» **WHAT IS BEING ASKED**:
Reproduce all the lines below exactly and omit the images.

» **DATA SEGMENT**:
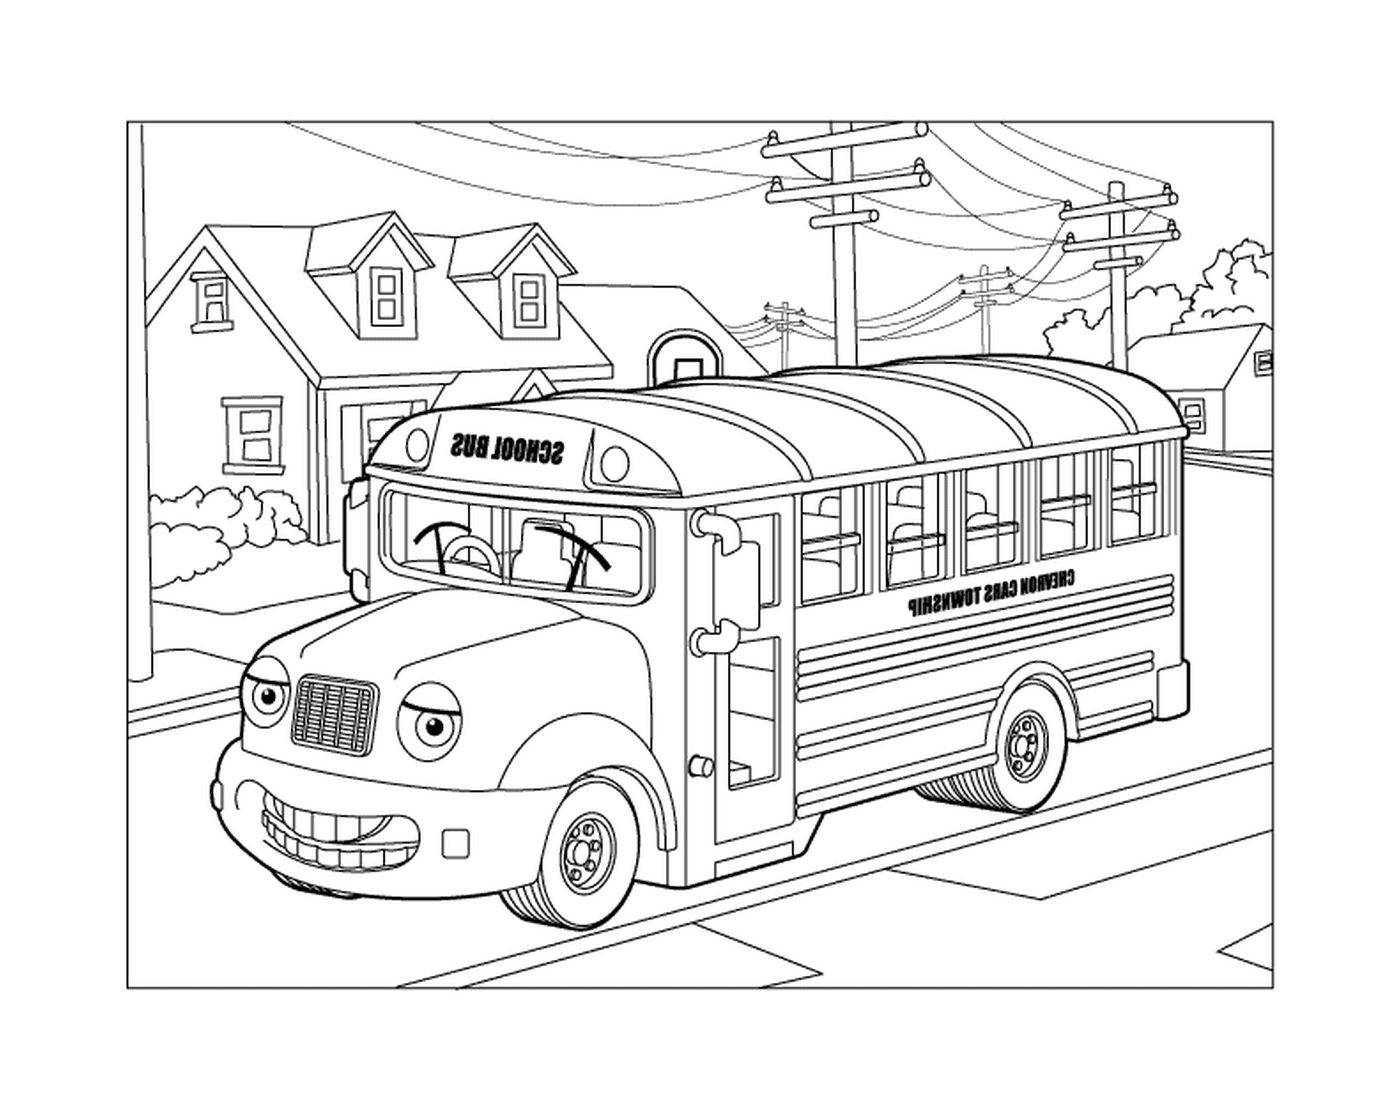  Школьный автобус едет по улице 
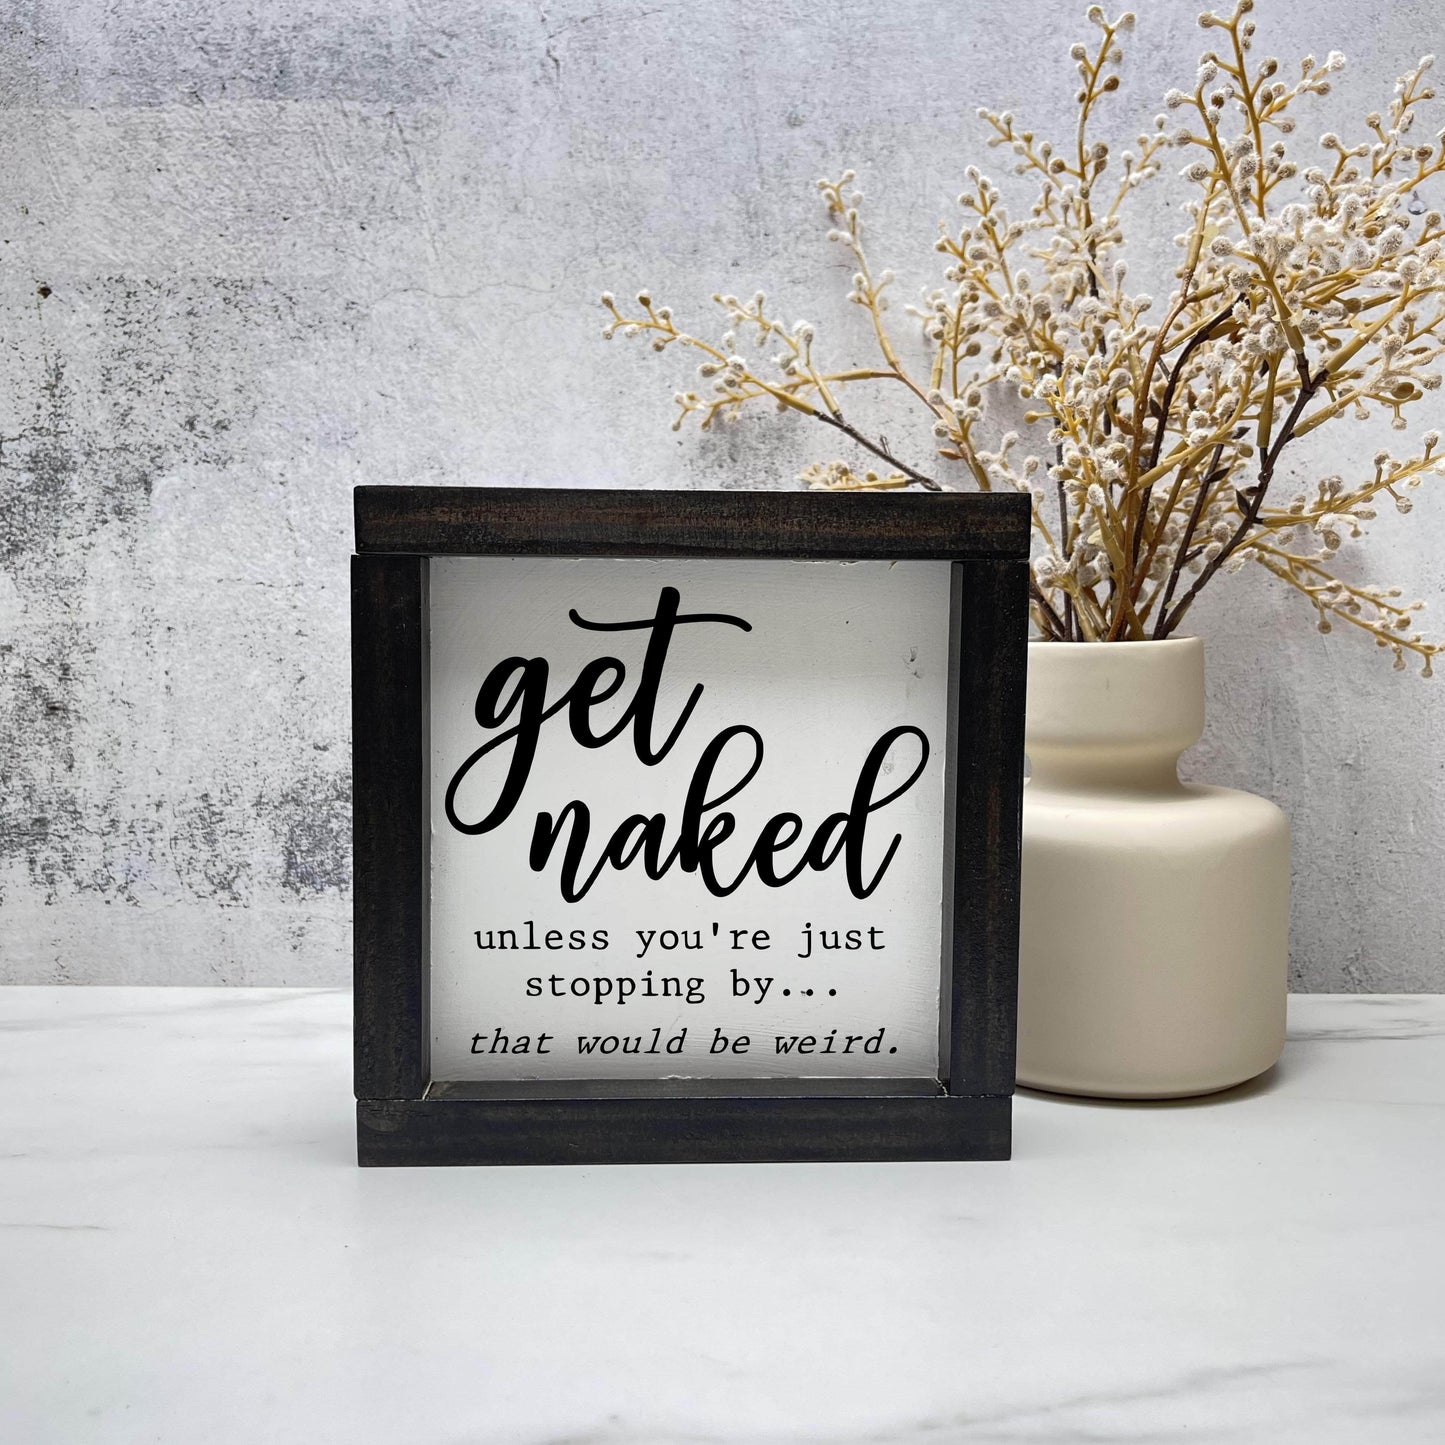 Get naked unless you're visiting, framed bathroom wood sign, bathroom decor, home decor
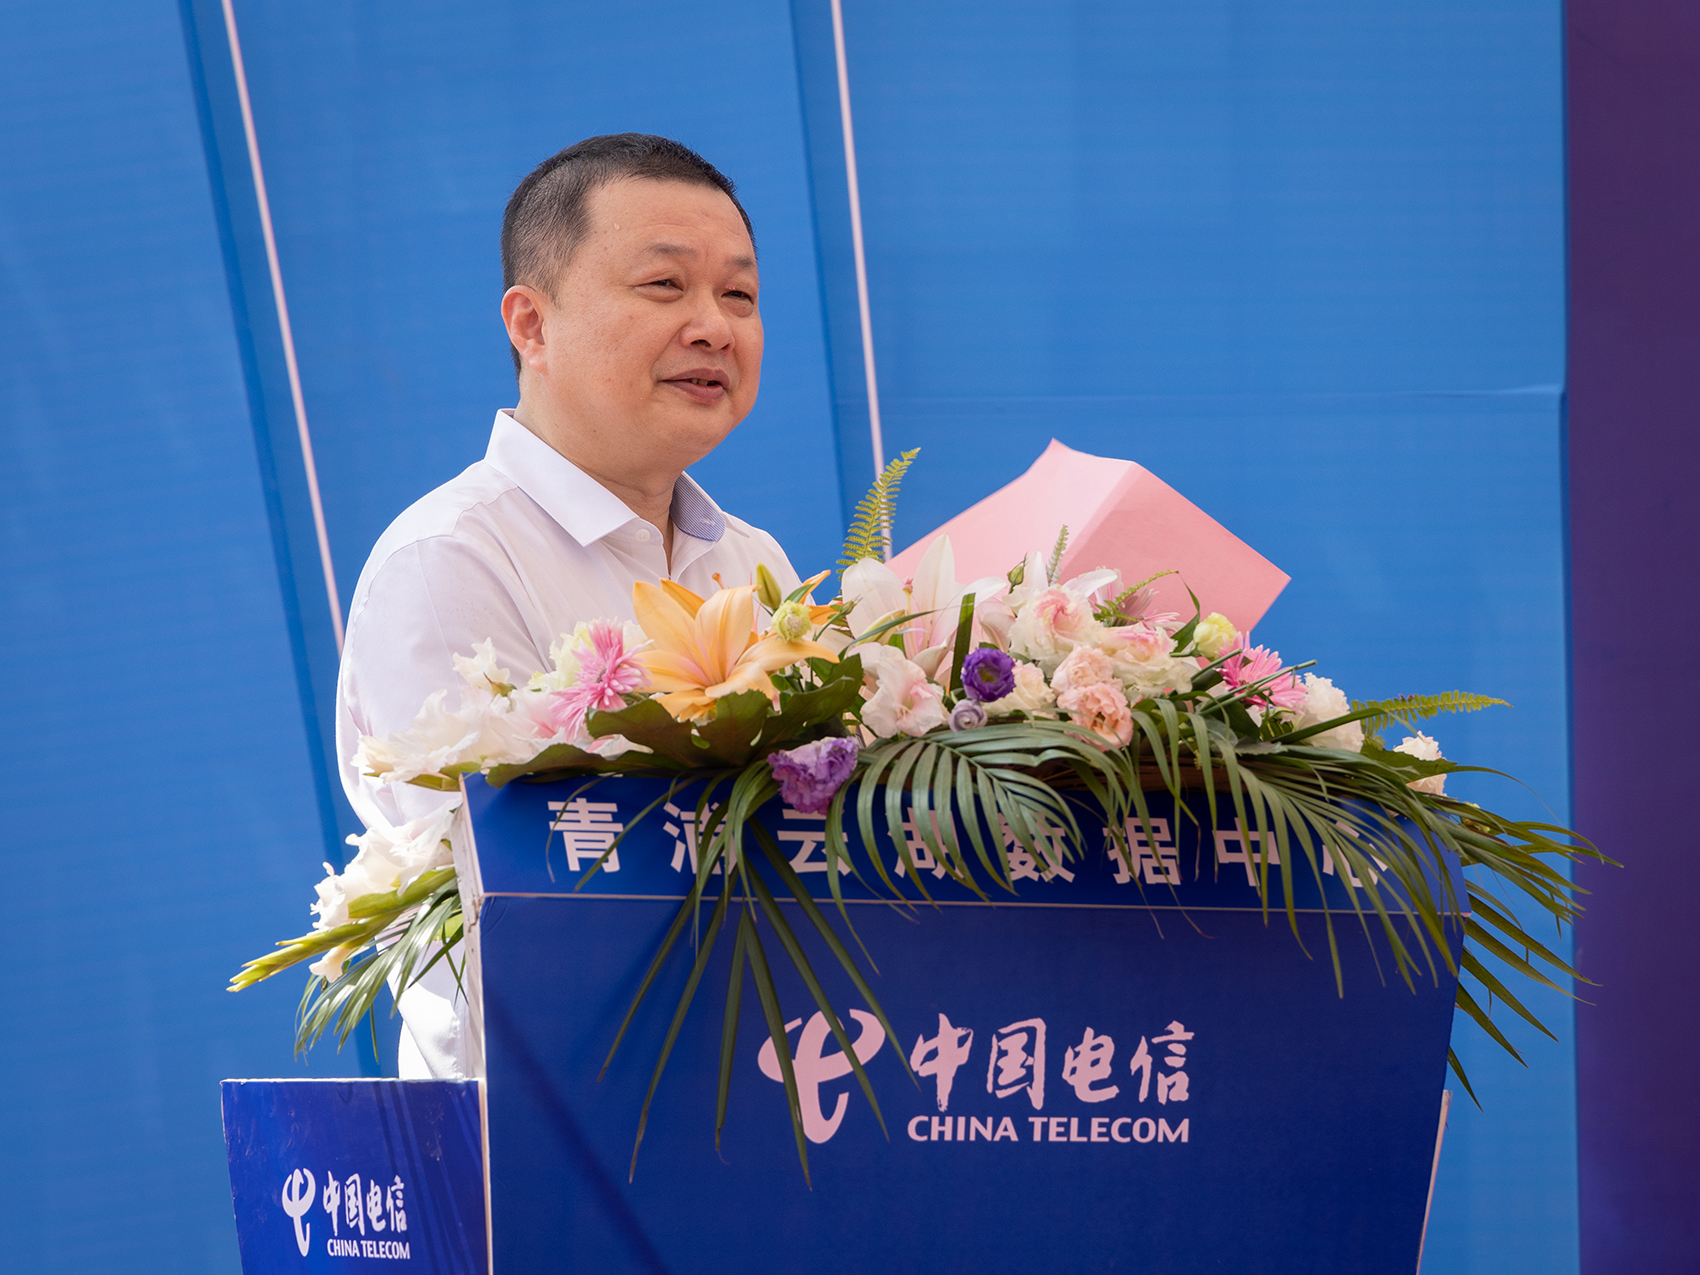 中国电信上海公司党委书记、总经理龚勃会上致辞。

» **EXERCISE OUTPUT**:
  Школьный автобус едет по улице 
 Get naked unless you're visiting, framed bathroom wood sign, bathroom decor, home decor
 中国电信上海公司党委书记、总经理龚勃会上致辞。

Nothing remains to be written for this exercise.